Director's responsibilities:
The members have not required the company to obtain an audit of its financial statements for the year in question in accordance with section 476; The director acknowledges their responsibilities for complying with the requirements of the Act with respect to accounting records and the preparation of financial statements.
These financial statements have been prepared and delivered in accordance with the provisions applicable to companies subject to the small companies’ regime.
In accordance with Section 444 of the Companies Act 2006, the income statement has not been delivered.
These financial statements were approved by the board of directors and authorised for issue on 23 December 2019 , and are signed on behalf of the board by:
Director |
Company registration number:
08797820
Notes to the Financial Statements
Year ended 31 March 2019
1 General information
2 Statement of compliance
These financial statements have been prepared in compliance with FRS 102 Section 1A, 'The Financial Reporting Standard applicable to the UK and Republic of Ireland'.
3 Accounting policies
Basis of preparation
The financial statements have been prepared on the historical cost basis, as modified by the revaluation of certain assets.
The financial statements are prepared in sterling, which is the functional currency of the company.
Turnover
Turnover is measured at the fair value of the consideration received or receivable for goods supplied, net of discounts and Value Added Tax.
Revenue from the sale of goods is recognised when the significant risks and rewards of ownership have transferred to the buyer, usually on despatch of the goods; the amount of revenue can be measured reliably; it is probable that the associated economic benefits will flow to the entity; and the costs incurred or to be incurred in respect of the transactions can be measured reliably.
Current tax
Current tax is recognised on taxable profit for the current and past periods.
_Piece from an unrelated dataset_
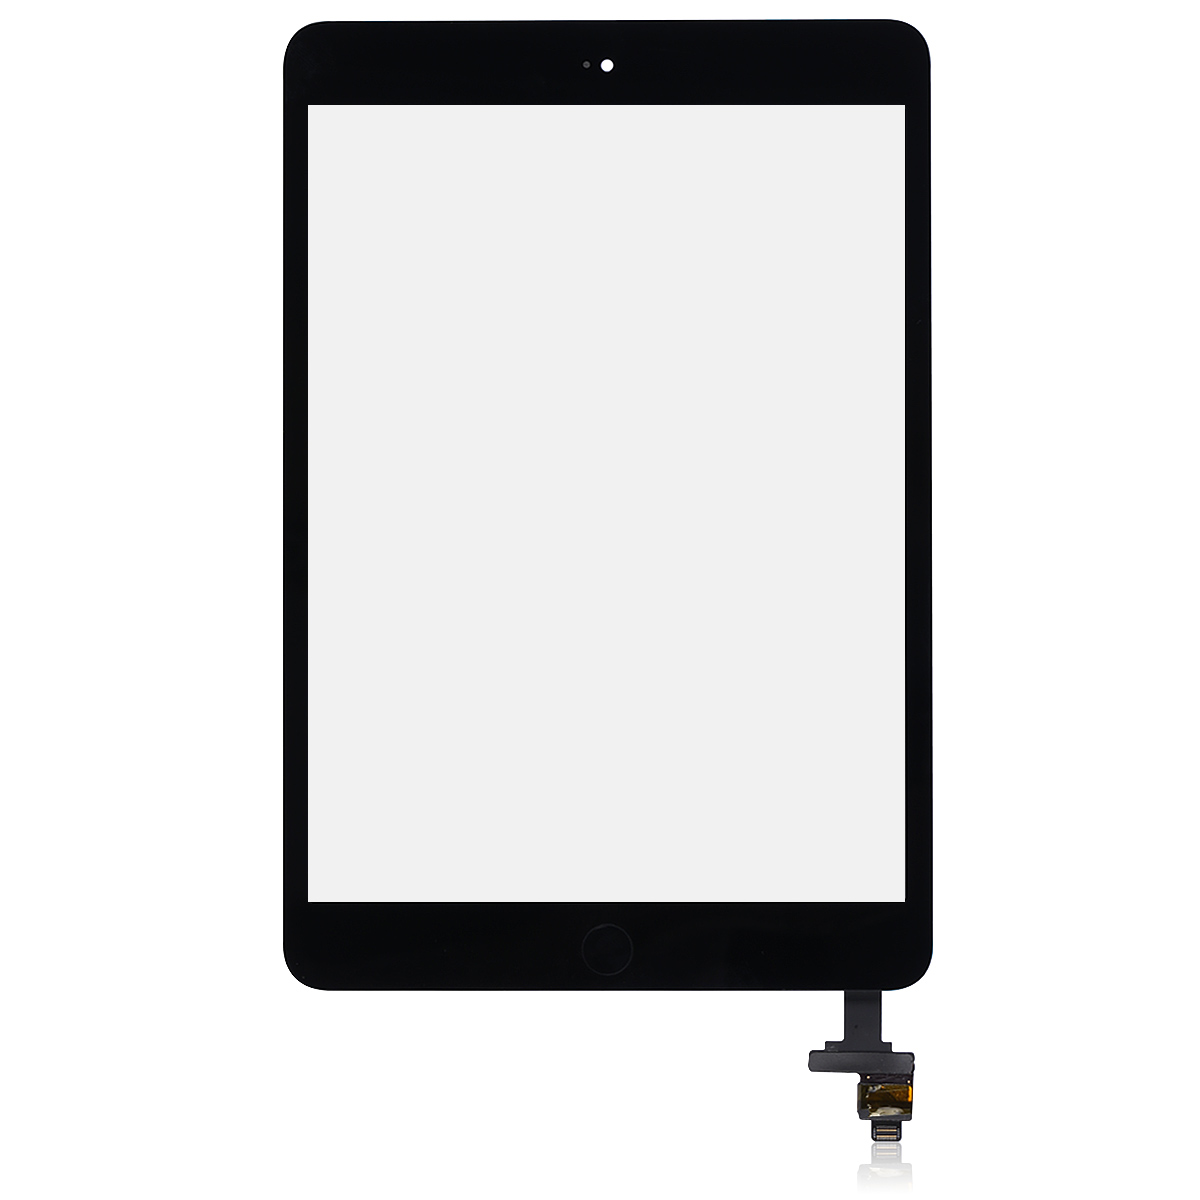 Digitizer For Ipad Mini 1 Ipad Mini 2 Ipad Repair Parts

Current tax is measured at the amounts of tax expected to pay or recover using the tax rates and laws that have been enacted or substantively enacted at the reporting date.
Tangible assets
Tangible assets are initially measured at cost, and are subsequently measured at cost less any accumulated depreciation and accumulated impairment losses or at a revalued amount.
Any tangible assets carried at a revalued amount are recorded at the fair value at the date of revaluation less any subsequent accumulated depreciation and subsequent accumulated impairment losses.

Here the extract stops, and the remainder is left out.